Fell Issue 6, The Runaways Hard Cover

Fell# 6

Did I mention that Fell was a must read book? Because it's a must read book. I just finished up to book six(though I'm still waiting to get issue three, and it burns me that I am missing it--anywho. Fantastic stuff. Issue six revolves around this really sick child abuse case, with Detective Fell on a date with Myako as the side plot. Even though each issue is single shot, we're definitely growing with the characters. I thought Warren Ellis was dead on at the back of the book when he was talking about I think the art, how you pick up this book, and though it is only 16 pages, you are IN snowtown. It's completely absorbing, and what's more satisfying. We talk a lot right now in american comics about the "satisfying" chunk. How much do we need to give a reader to validate cost. Warren Ellis' 16 pages of Fell is a satisfying chunk.
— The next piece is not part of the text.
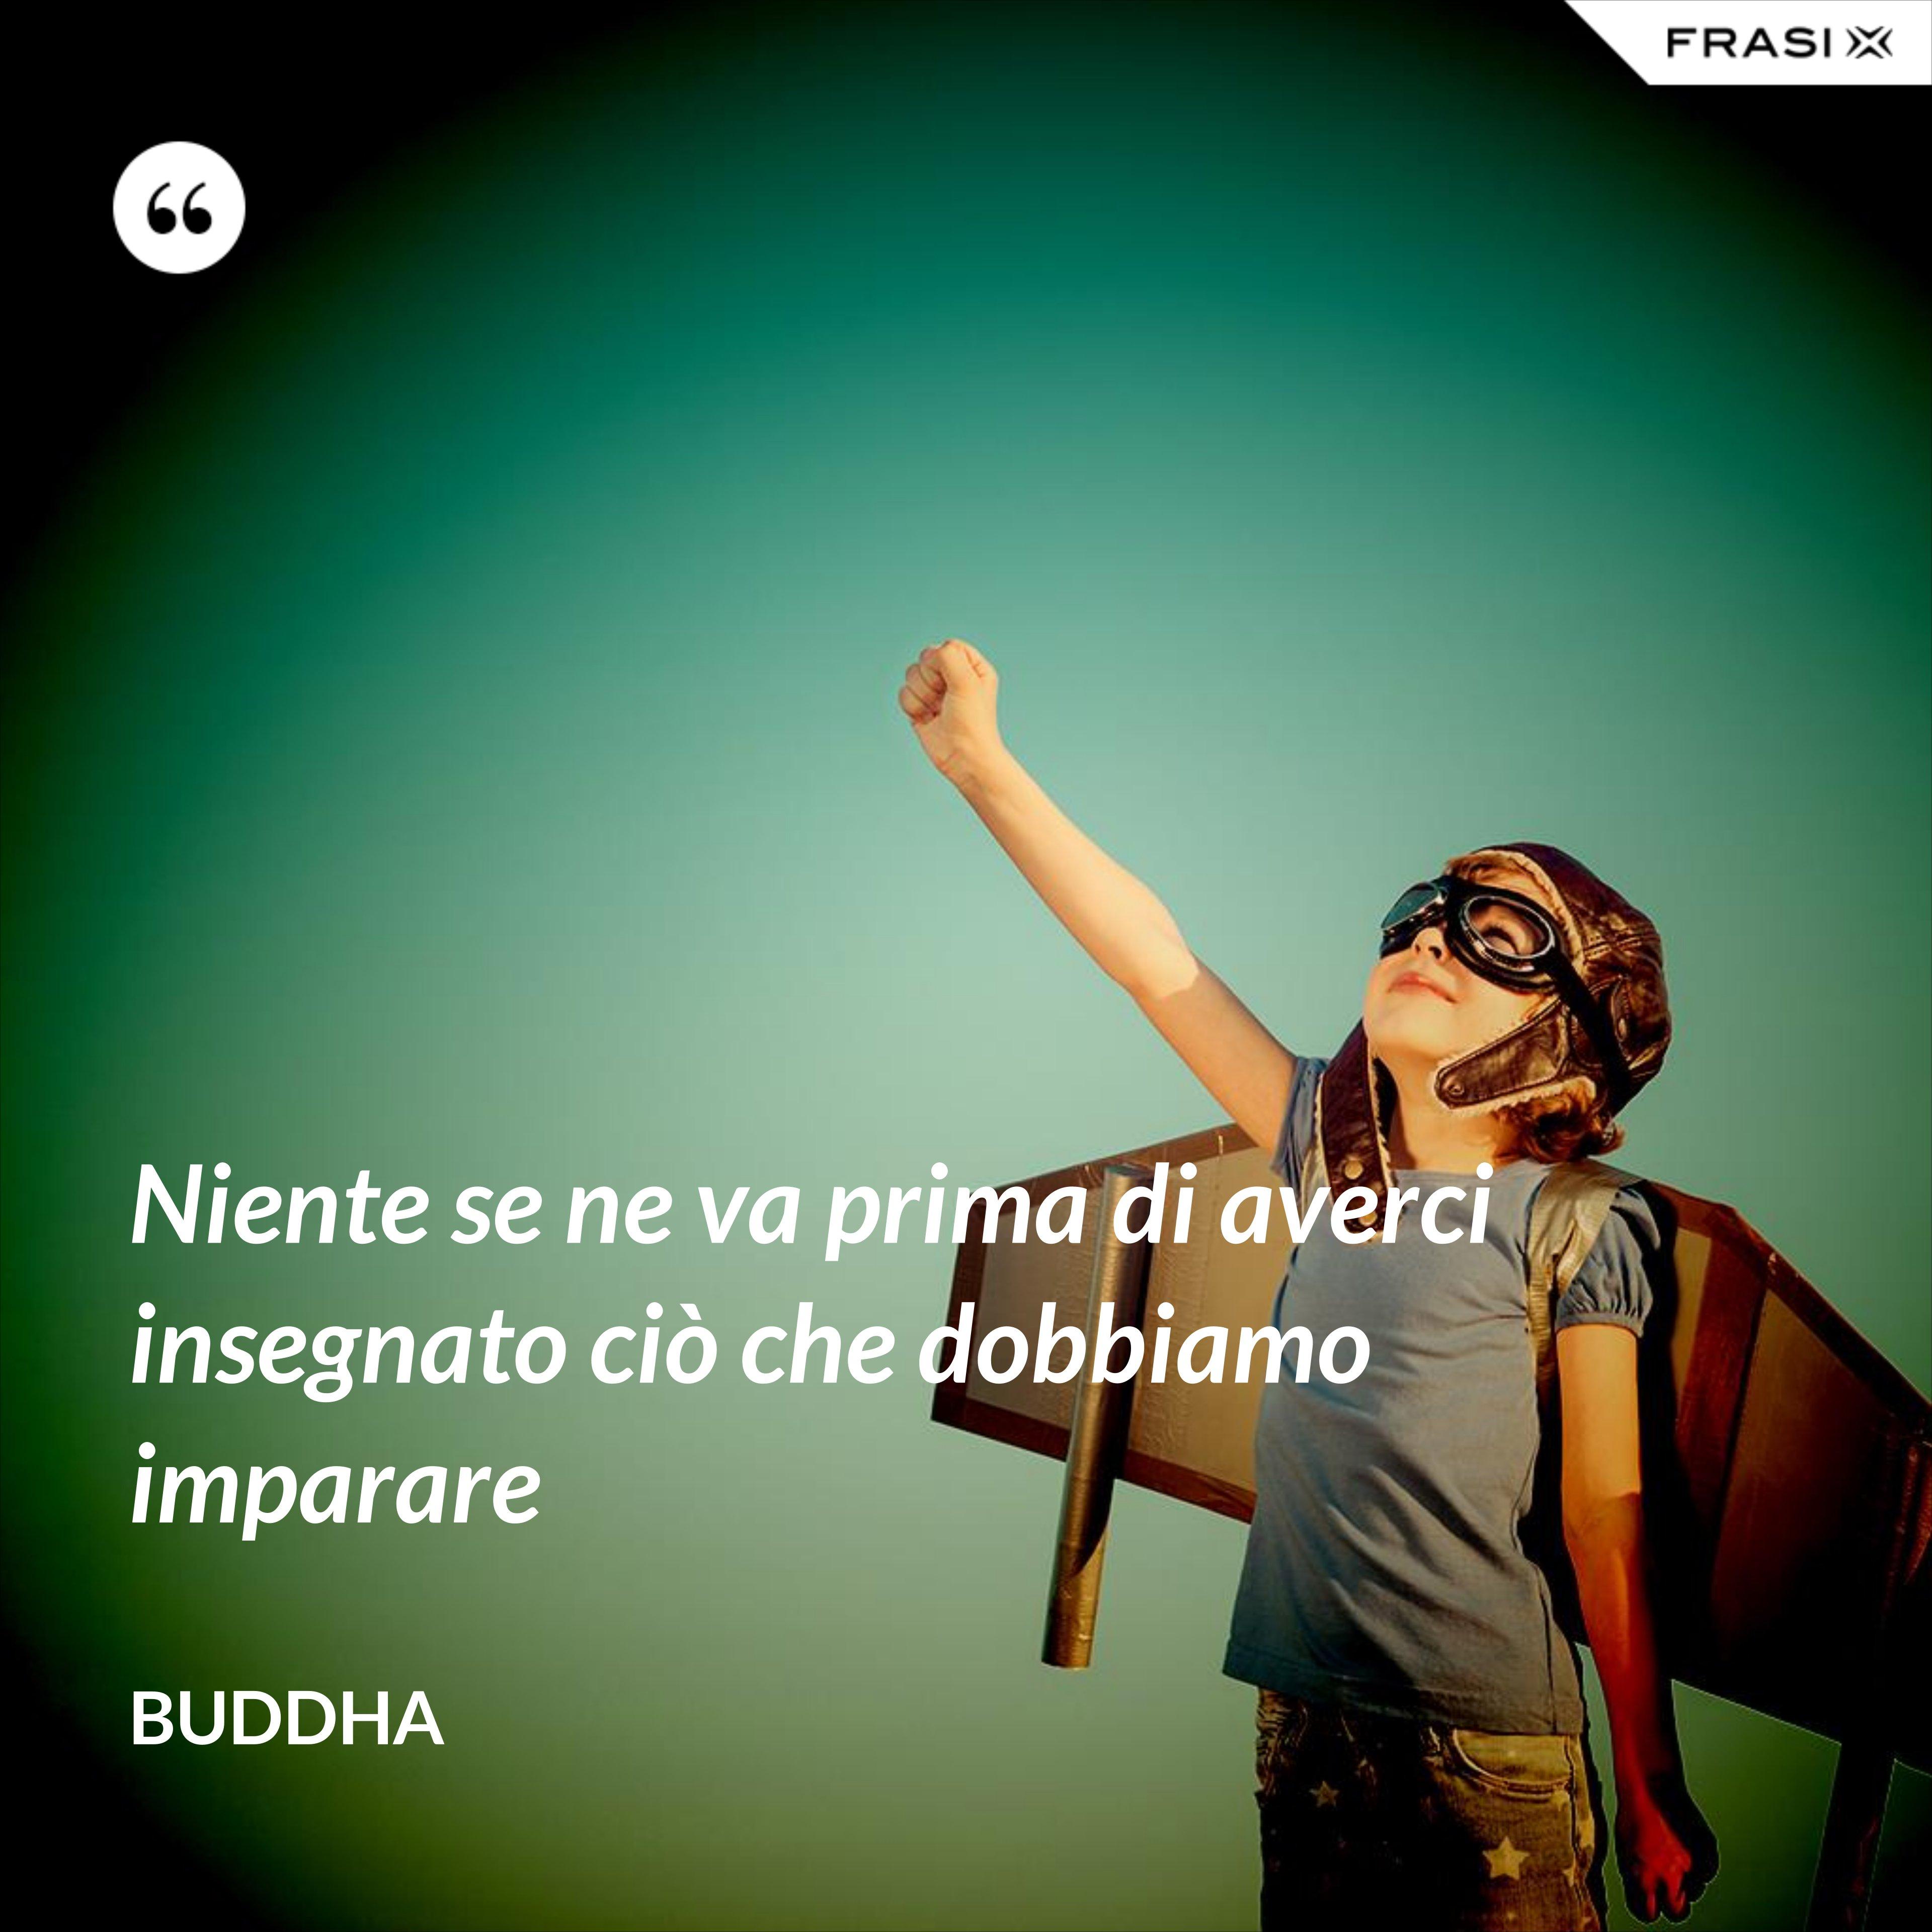 Niente se ne va prima di averci insegnato ciò che dobbiamo imparare - Buddha

Runaways HC (“Season One”)

Speaking of satisfying chunk, the hardcover collection of "season 1" of Runaways, is oh so satisfying. I sat down with it the last two nights and plowed right through it. Brian K. Vaughn knows how to make characters I'm interested in and root for, and the book is just really fun. The surprise twist at the end was...well...surprising. I was sitting there in the back of my mind going over scenarios for all the different characters trying to decide who the mole was, but I never thought, it was who it was. It was literally the only person I didn't suspect. Right to the very end of the characters life I kept expecting the character to turn everything back around. I'm not entirely sure what makes that work for BKV and not work for others. Because like M. Night Shamamamamaamlandocalrissian--he can't write a surprise ending to save his life(or career apparently). But here BKV(oh yeah in case you didn't notice, cool short hand for Mr. Brian K Vaughn) makes the surprise twists work consistently and believably. I guess you just get so wrapped up in the characters that you don't have time to fully analyze the plot, and just, you develop feelings and biases for the characters that cloud your judgment. Something that is kind of analogous and on the same level to this would be a show like Veronica Mars, which similarly manages to keep you on your toes. I think it's something about the slight of hand which I thinnnk I read David Mamet explain, or maybe it was Ebert talking about Mamet--it's very much "hey look over here". A lot of people think that's just tied to plot, but I think in the case of Runaways and Veronica, it's more tied to characters.